One hundred and four (55.6%) patients had a history of smoking, and 35 (18.7%) were HIV-positive patients. Of the 129 NTM-positive patients (mean age 42.3 ± 8.1 years; age range 26 to 78 years), 79 (61.2%) were males, and 50 (38.8%) were females. The majority of the NTM-positive patients (n = 53, 41.1%) were in the age group of 51 - 70 years, followed by 39 (30.2%) patients in the age group of 31 - 50 years. Sixty-seven (51.9%) patients had a history of smoking, and 12 (9.3%) were HIV-positive patients. Except for the presence of a higher HIV rate (P = 0.0213) in the overall culture-positive patients, there was no significant difference (P > 0.05) in the demographics of the overall positive and NTM positive patients (Table 1).
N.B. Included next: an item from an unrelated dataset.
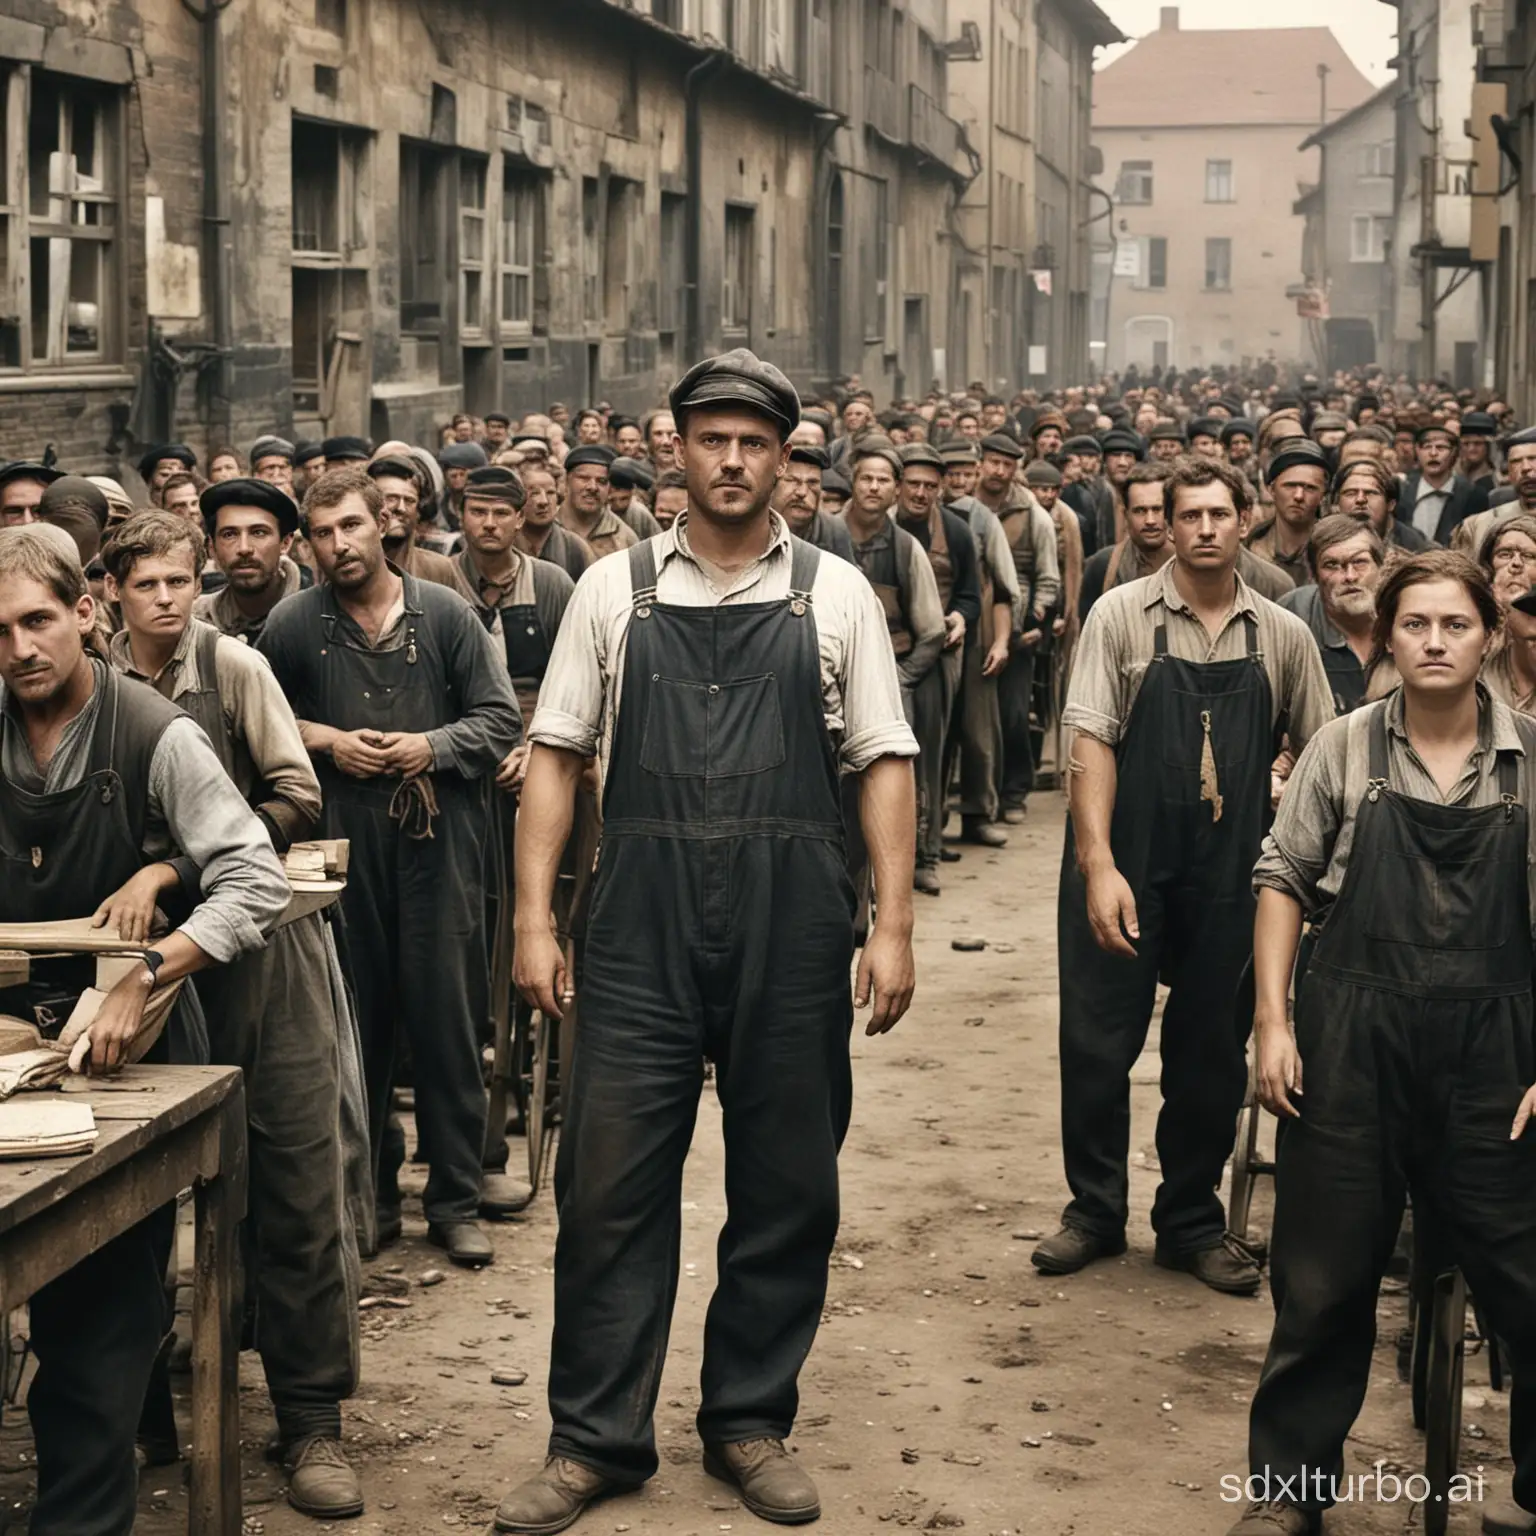 Social-Challenges-of-German-Industrialization-Workers-Struggle

Demographic Details of Overall Positive and Non-tuberculous Mycobacteria Positive Patients a
| Characteristics | Overall Positive (n = 187) | NTM Positive (n = 129) | P Values |
|---|---|---|---|
| Male | 113 (60.4) | 79 (61.2) | 0.91 |
| Female | 74 (39.6) | 50 (38.8) | 0.52 |
| Age (y), mean ± SD | 49.7 ± 7.2 | 42.3 ± 8.1 | NA |
| 21 - 30 | 21 (11.2) | 13 (10.1) | 0.07 |
| 31 - 50 | 61 (32.6) | 39 (30.2) | 0.12 |
| 51 - 70 | 74 (39.6) | 53 (41.1) | 0.09 |
| > 70 | 31 (16.6) | 24 (18.6) | 0.16 |
| Smoking history | 104 (55.6) | 67 (51.9) | 0.13 |
| HIV-positive | 35 (18.7) | 12 (9.3) | 0.02 |
| Dry cough | 121 (64.7) | 52 (40.3) | 0.07 |
Of the overall 375 patients, 129 samples were tested positive for NTM, accounting for a prevalence rate of 34.4% among our population. All the NTM-positive sputum samples were subjected to species level identification using the GenoType Mycobacterium CM/AS line probe assay. Of the 129 sputum samples, M. avium complex (n = 32, 24.8%) was the predominant species identified, followed by M. kansasii (n = 31, 24%), M. abscessus complex (n = 26, 20.2%), M. simiae (n = 21, 16.3%), and M. fortuitum (n = 11, 8.5%). No significant difference was found between the different species identified (P > 0.05). Other species were identified in fewer frequencies (Table 2).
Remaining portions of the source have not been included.